Summary

Level: CONCEPT
Context: Validation
Category: Plausibility
Subcategory: Atemporal
Severity: Characterization ✔

Description

The number and percent of records for a given CONCEPT_ID @conceptId (@conceptName) with implausible units (i.e., UNIT_CONCEPT_ID NOT IN (@plausibleUnitConceptIds)).

Definition

  • Numerator: For a given concept_id, the number of rows in the measurement table with a non-zero unit_concept_id that is not in the list of plausible unit concept ids.
    • NB, in some cases the only plausible unit is no unit (represented by “-1” in the threshold file) - in this case, a non-null, non-zero unit_concept_id will fail this check.
  • Denominator: The total number of rows in the measurement table with a given concept_id and a NULL or non-zero unit_concept_id.
  • Related CDM Convention(s): N/A
  • CDM Fields/Tables: MEASUREMENT
  • Default Threshold Value: 5%

User Guidance

A failure of this check indicates one of the following:

  • A measurement record has the incorrect unit
  • A measurement record has a unit when it should not have one
  • The list of plausible unit concept IDs in the threshold file is incomplete (please report this as a DataQualityDashboard bug!)
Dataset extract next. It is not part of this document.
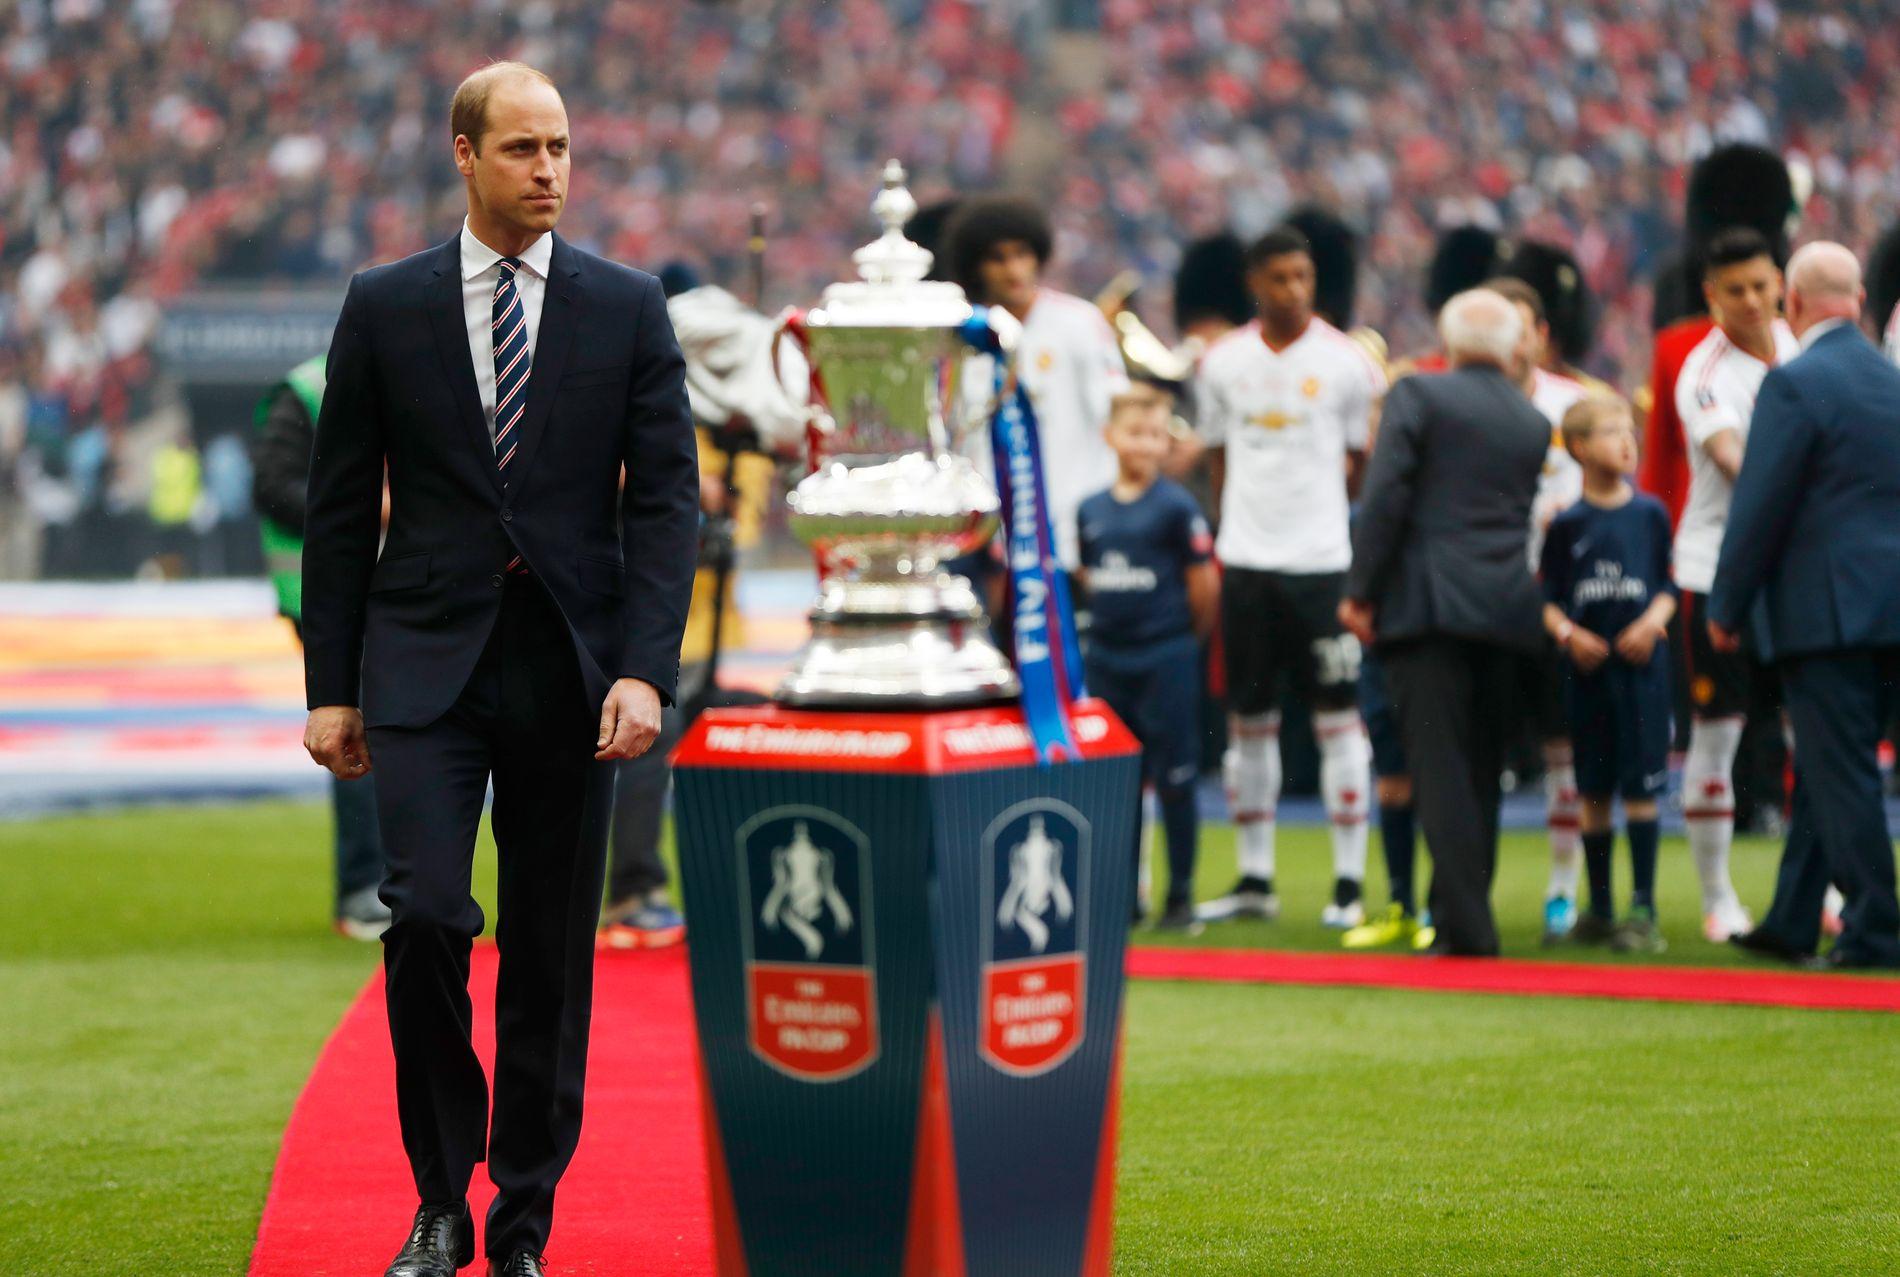 FOTBALLFRELST: Prins William, her fra FA-cupfinalen i 2016.
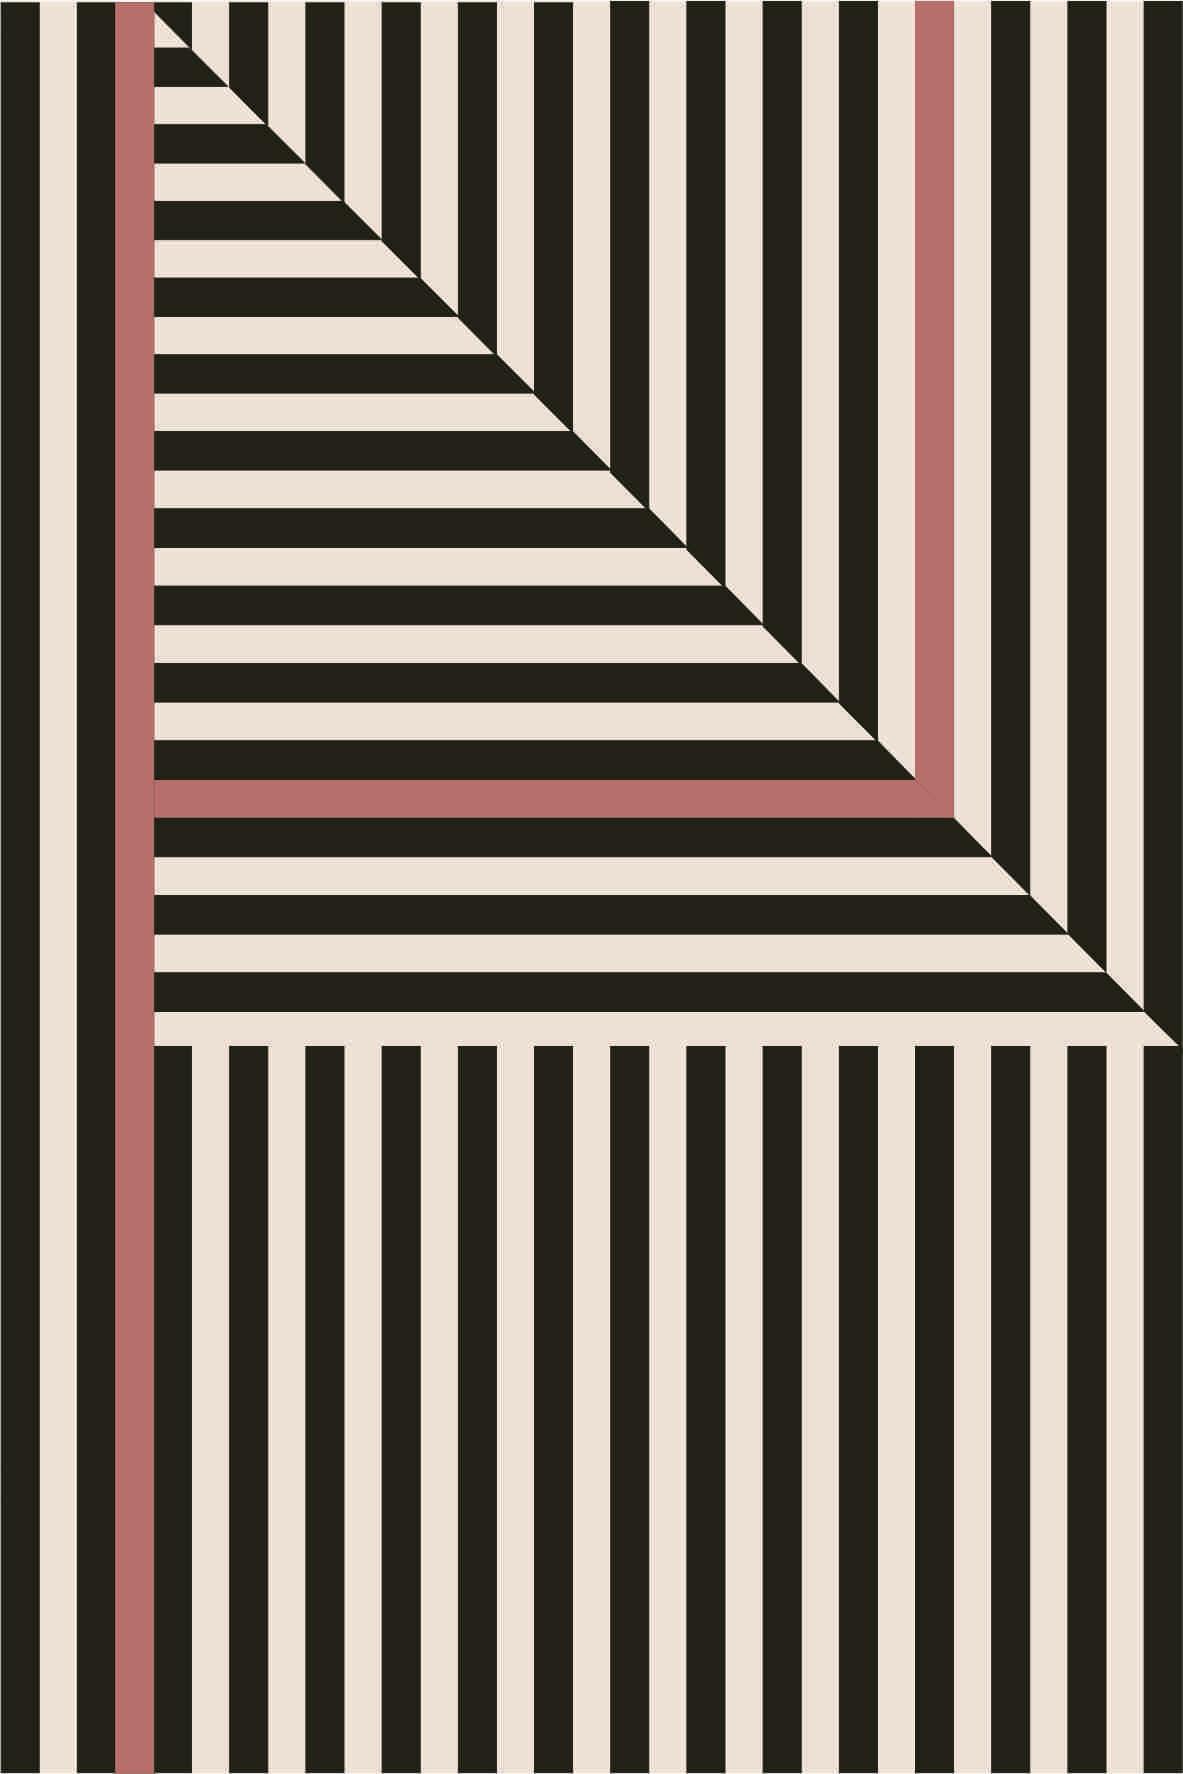 25 | Turn The Page - Lynne Bradley

The above issues could either be due to incorrect data in the source system or incorrect mapping of the unit concept IDs in the ETL process.

Violated rows query

SELECT 
  m.unit_concept_id,
  m.unit_source_concept_id,
  m.unit_source_value,
  COUNT(*)
FROM @cdmDatabaseSchema.@cdmTableName m
WHERE m.@cdmFieldName = @conceptId
  AND m.unit_concept_id IS NOT NULL
  /* '-1' stands for the cases when the only plausible unit_concept_id is no unit; 0 prevents flagging rows with a unit_concept_id of 0, which are checked in standardConceptRecordCompleteness */
  AND (
    ('@plausibleUnitConceptIds' = '-1' AND m.unit_concept_id != 0)  
    OR m.unit_concept_id NOT IN (@plausibleUnitConceptIds, 0)
  )
GROUP BY 1,2,3

Inspect the output of the violated rows query to identify the root cause of the issue. If the unit_source_value and/or unit_source_concept_id are populated, check them against the list of plausible unit concept IDs to understand if they should have been mapped to one of the plausible standard concepts. If the unit_source_value is NULL and the list of plausible unit concept IDs does not include -1, then you may need to check your source data to understand whether or not a unit is available in the source.

ETL Developers

Ensure that all units available in the source data are being pulled into the CDM and mapped correctly to a standard concept ID. If a unit is available in the source and is being correctly populated & mapped in your ETL but is not present on the list of plausible unit concept IDs, you should verify whether or not the unit is actually plausible - you may need to consult a clinician to do so. If the unit is plausible for the given measurement, please report this as a DataQualityDashboard bug here: https://github.com/OHDSI/DataQualityDashboard/issues. If the unit is not plausible, do not change it! Instead, you should document the issue for users of the CDM and discuss with your data provider how to handle the data.

Data Users

It is generally not recommended to use measurements with implausible units in analyses as it is impossible to determine whether the unit is wrong; the value is wrong; and/or the measurement code is wrong in the source data. If a measurement is missing a unit_concept_id due to an ETL issue, and the unit_source_value or unit_source_concept_id is available, you can utilize these values to perform your analysis. If unit_source_value and unit_source_concept_id are missing, you may consider consulting with your data provider as to if and when you may be able to infer what the missing unit should be.